Derivatives of bivariate polynomials, Markov's theorem and Geronimus nodes

Time: 3:00PM
Date: Tue 14th February 2012
Location: Mathematical Sciences Seminar Room (Ag 1.01) [map]

Abstract: An outstanding problem that has been recently solved is to prove V. A. Markov's theorem for derivatives of polynomials on any real normed linear space. An elementary argument leads to a reduction of the problem to a certain directional derivative on two dimensional spaces. To state this, let ${\mathcal P}_m(\mathbb R^2)$ denote the space of all polynomials $p(s,t)$ of degree at most $m$ and let
\[
{\mathbb N}_k = \{ (\cos (n\pi/m), \cos (q\pi/m)):~n-q =k\mod 2, ~0\leq n,q
\leq m\}.
\]
Then to prove the Markov theorem it suffices to show that the maximum of the values $|\hat{D}^k p(1,1)(1,-1)|$ over polynomials $p$ in ${\mathcal P}_m(\mathbb R^2)$ satisfying $|p(x)| \leq 1$ for all $x$ in the set ${\mathbb N}_k$ of nodes is attained when $p(s,t) = T_m(s)$, where $T_m$ is the Chebyshev polynomial of degree $m$. We consider more general sets of nodes, called Geronimus nodes, where the extremal polynomials sought are orthogonal polynomials satisfying a three-term recurrence relation with constant coefficients.

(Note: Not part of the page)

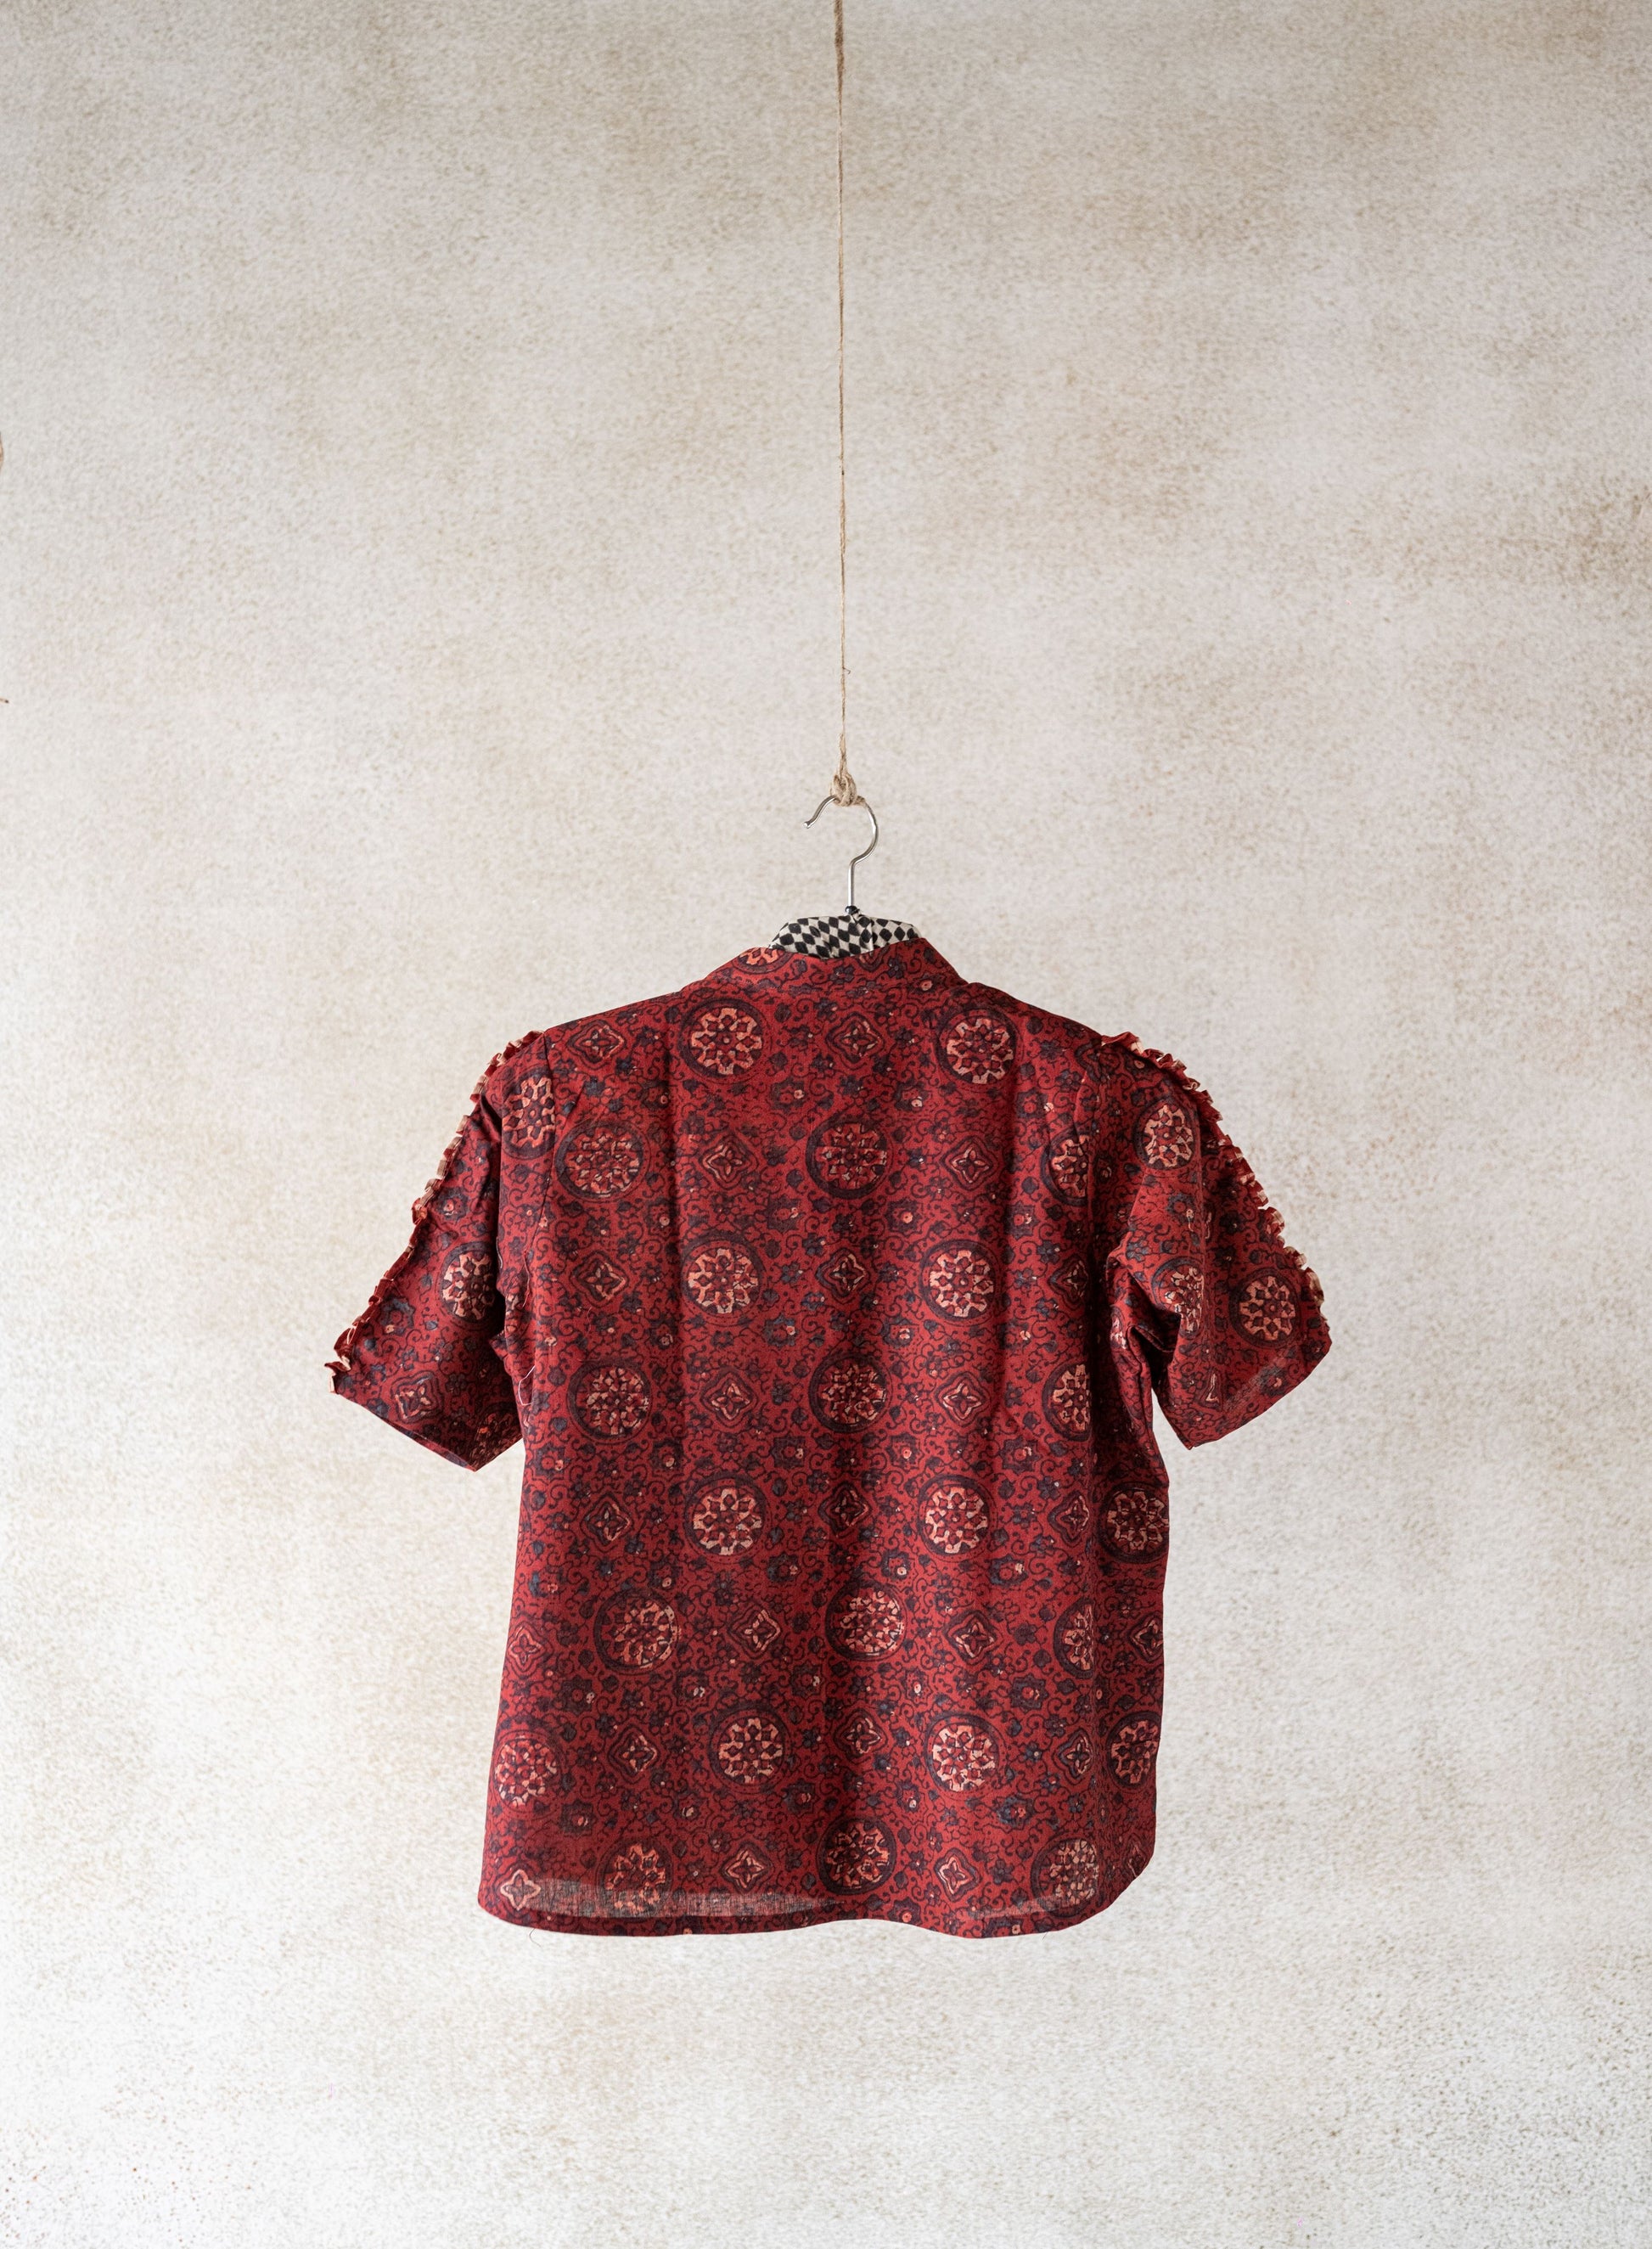 Cotton ajrakh shirt in maroon color, Ajrakh cotton shirt

For example, this includes the Chebyshev polynomials of kinds 1-4.

In the course of our discussion we obtain an explicit formula for Lagrange polynomials and a Lagrange interpolation theorem for the Geronimus nodes. We also deduce a bivariate cubature formula analogous to Gaussian quadrature.

(This talk is part of the Analysis series.)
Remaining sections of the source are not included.